>>>>>
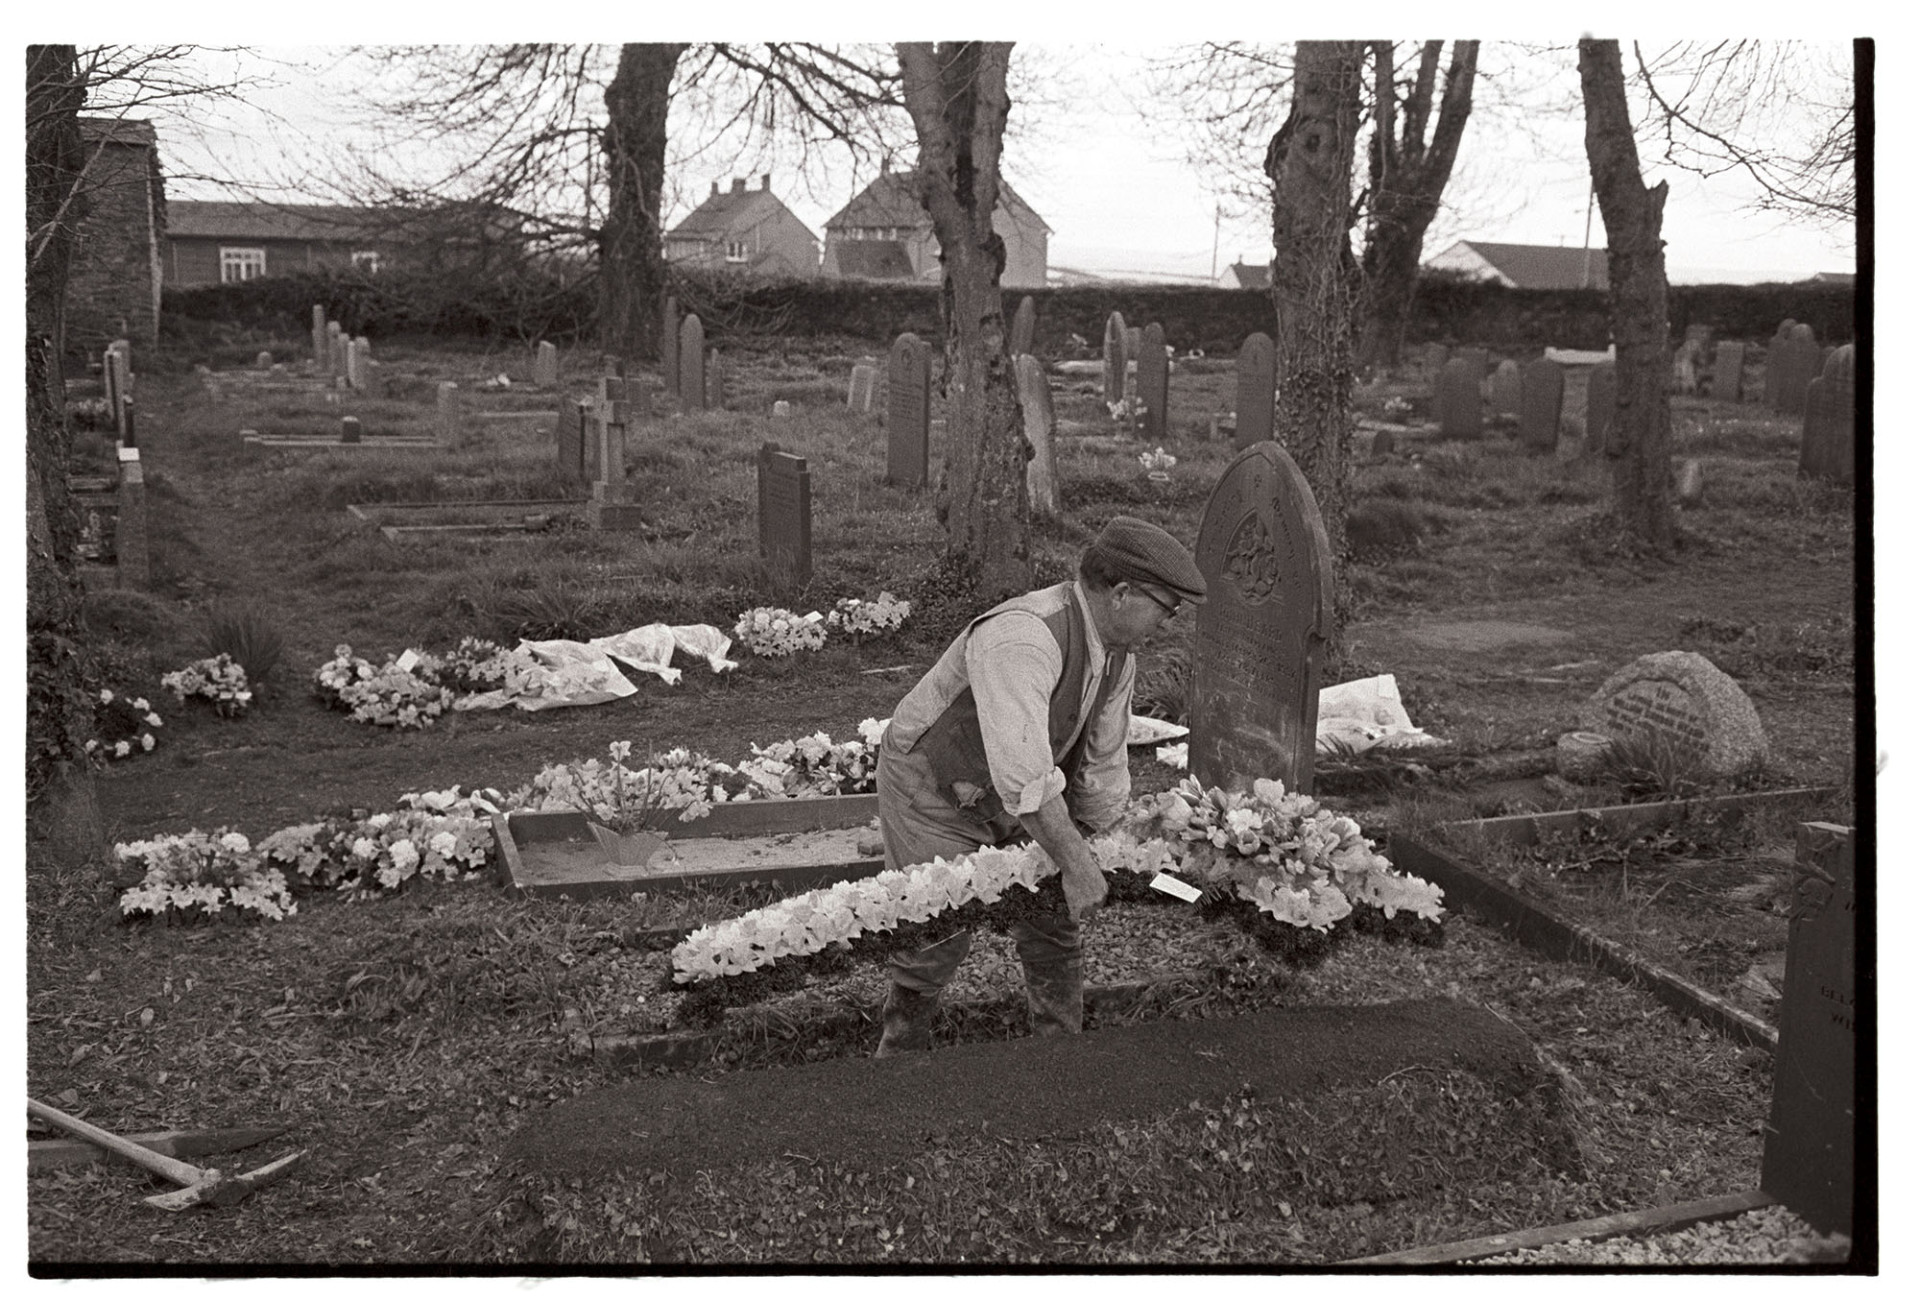 Graveyard with gravedigger tidying up grave after burial. Laying flower cross on grave.
[Gravedigger Reginald Rice laying a large floral cross on a new grave, possibly of Geoff Curtis, which he has just covered in Beaford churchyard.]
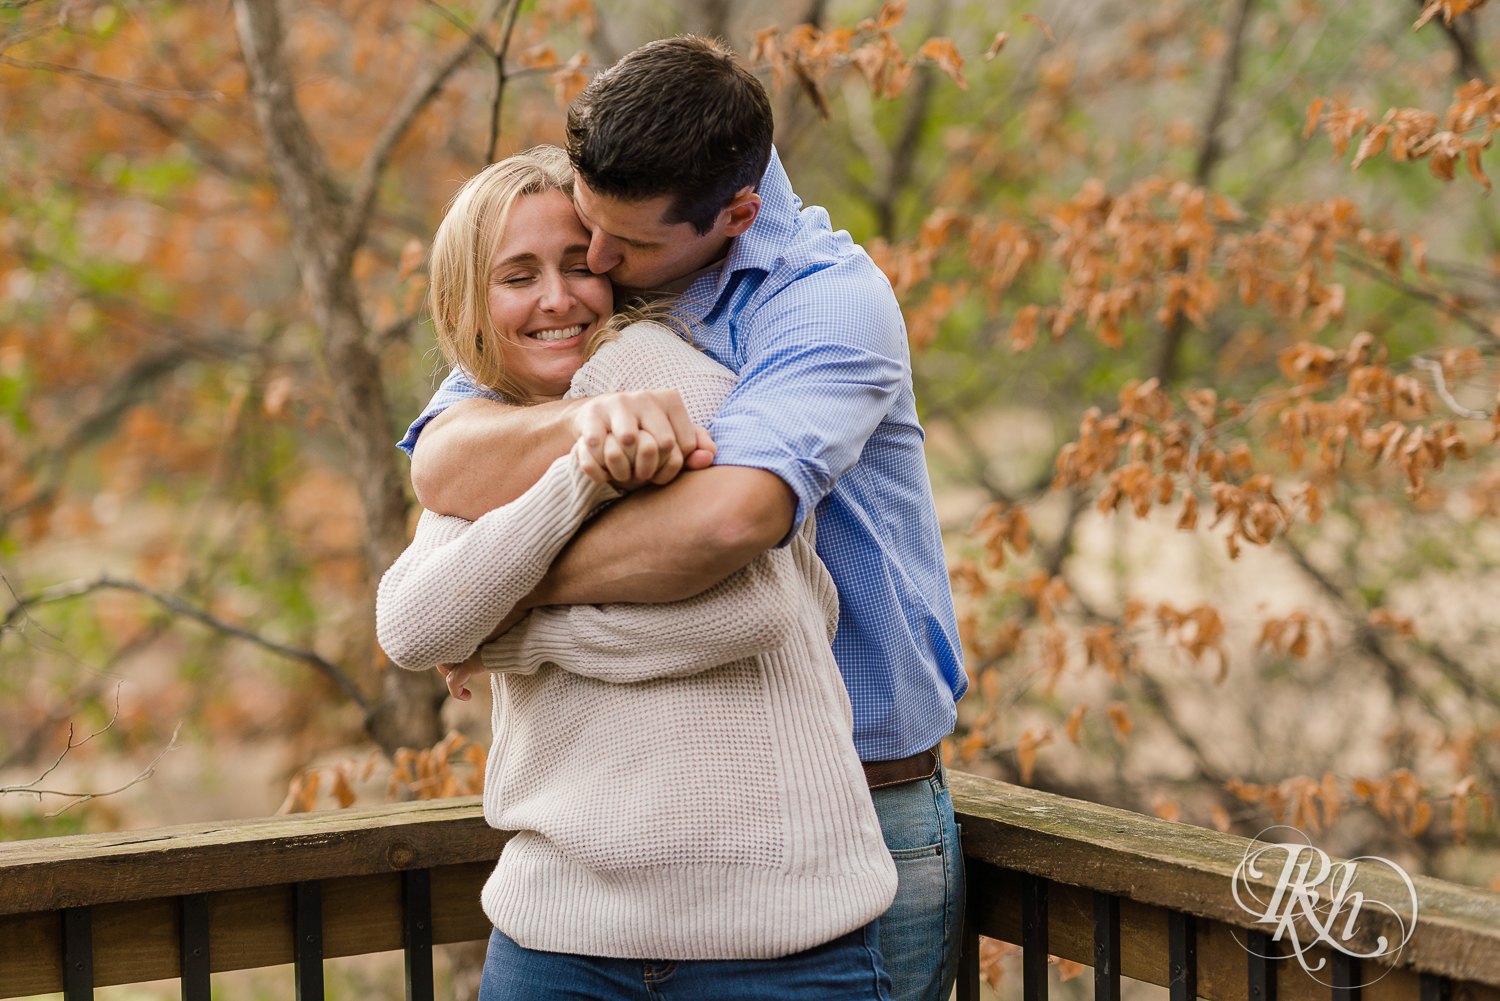 Man kisses blonde woman in leaves during fall engagement photography session in Chaska, Minnesota.
<<<<<
● PROBLEM REQUIREMENTS:
Please restate all of the listing above word for word, with no pictures.

● TASK RESPONSE:
 Graveyard with gravedigger tidying up grave after burial. Laying flower cross on grave.
[Gravedigger Reginald Rice laying a large floral cross on a new grave, possibly of Geoff Curtis, which he has just covered in Beaford churchyard.]
 Man kisses blonde woman in leaves during fall engagement photography session in Chaska, Minnesota.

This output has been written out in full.